The metadata repository (MDR) is the core part of the DQAstats R-package and therefore receives its own section within this documentation.

Using this MDR, the DQA tool can be configured to test the data quality of datasets that are held in either CSV files or SQL-databases.

Currently supported input data formats / databases are:

By default, the MDR itself is stored in a CSV file --> meaning: the CSV file is the MDR. Each column of the CSV table is a specific MDR field and each row is an entry of one distinct data element in one database.

The MDR allows the definition of a set of data elements for multiple databases (with databases being either CSV-files or SQL-based databases). This allows for comparing the data quality of this set of data elements between two databases, regardless of their 'data format'.

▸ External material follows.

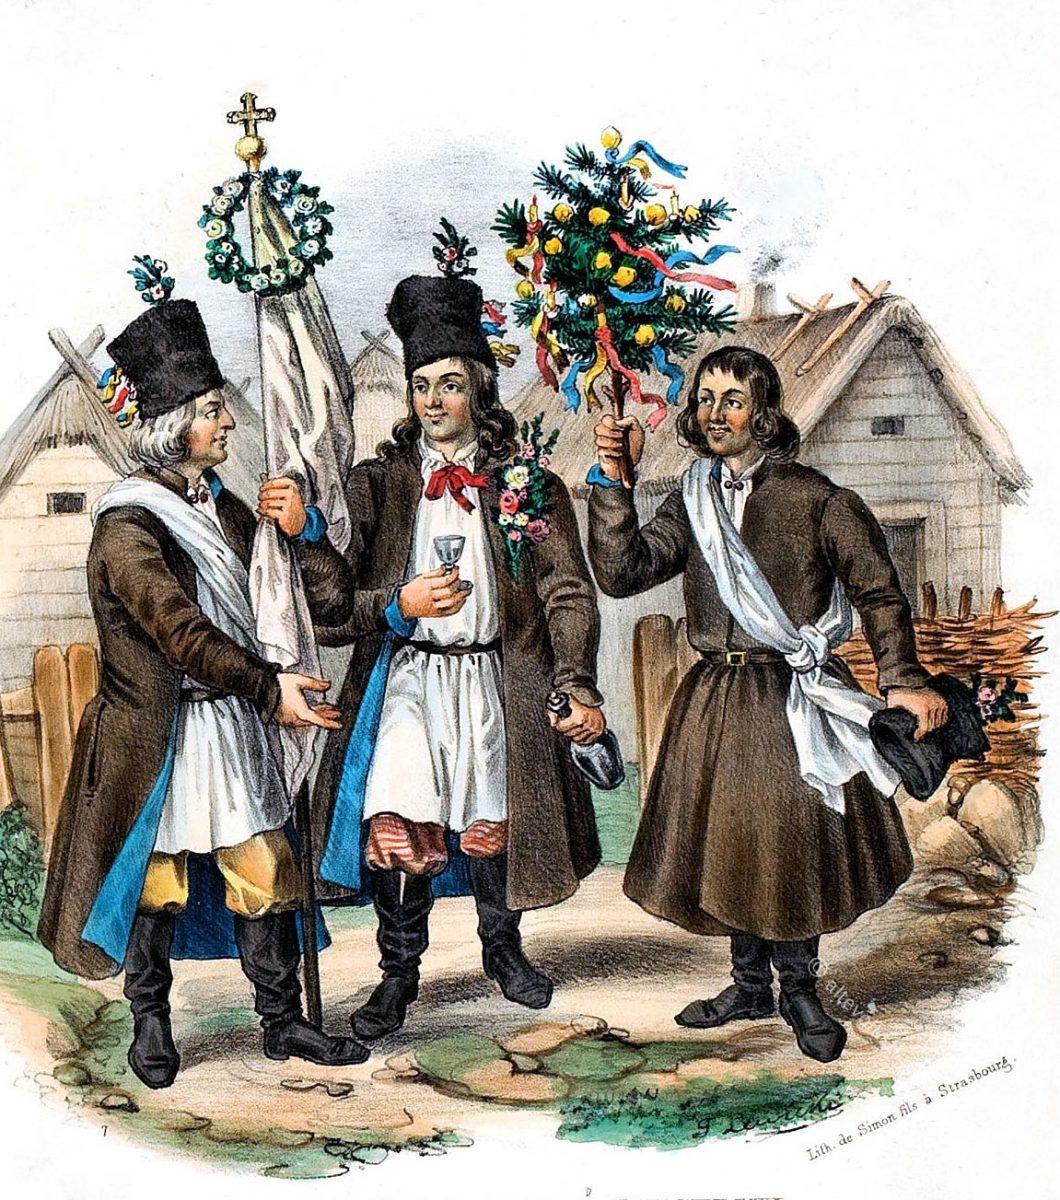 Polnische Landleute aus der Gegend von Lublin, am Tage der Hochzeit.

The concepts of how the connection of the DQA tool to the MDR works in detail are described in our publication "Linking a Consortium-Wide Data Quality Assessment Tool with the MIRACUM Metadata Repository".

MDR: Overview

The following table gives an overview over the available MDR fields and their purpose:

MDR Field Description
designation The data element's "speaking" term (short).
definition A (longer) description of the data element. Line breaks ('\n') are allowed.
variable_type The data type of the data element.
variable_name The DQA tool's internal (machine processable) variable name. Internally, corresponding data elements across different databases are renamed with this variable_name, which should not contain spaces or special characters other than underscores "_".
key A unique DQA tool-specific identifier key, which is used to
- compare data elements across different databases
- load corresponding SQL statements from a JSON file, if the data source is a database (please refer to the section MDR: SQL statements for further information)
source_variable_name The name of the data element in the database (e.g. the column names in a CSV table or database table).
source_table_name The name of the table, in which the data element is stored in the database (the filename in case of CSV files or the table name in case of databases).
source_system_name The name of the database from which the data element originates. It has to uniquely identify one specific database and, in the case of analyzing SQL databases, the value needs to correspond with the filename suffix of the JSON files containing the SQL statements for the data elements of the respective database (please refer to MDR: SQL statements for further details).
source_system_type The type of the database. For supported system types please refer to [Use the DQA tool](#using-the-DQA tools).
constraints A JSON object, describing the allowed values for the corresponding data element.
filter
data_map
plausibility_relation A JSON object, describing plausibility checks for the corresponding data element (please refer to MDR: plausibility relations for further details).
dqa_assessment A binary coded indicator, if the information in this specific row is eligable for data quality assessment (dqa_assessment=1) or not (dqa_assessment=0).
restricting_date_var An optional field to specify another column from source_table_name of data type datetime in order to filter the data by time constraints.
restricting_date_format

MDR: Minimum Set of Required MDR Fields

For a seamless functioning of the DQA tool, the following MDR fields need at least to be defined for each data element:

  • designation
  • variable_type
  • variable_name
  • source_variable_name
  • source_table_name
  • source_system_name
  • source_system_type
  • key
  • dqa_assessment
  • restricting_date_var
  • restricting_date_format

MDR: Variable Types and Constraints

variable_type Description Constraint
integer / float The possible variable types for continuous variables are 'integer' and 'float'.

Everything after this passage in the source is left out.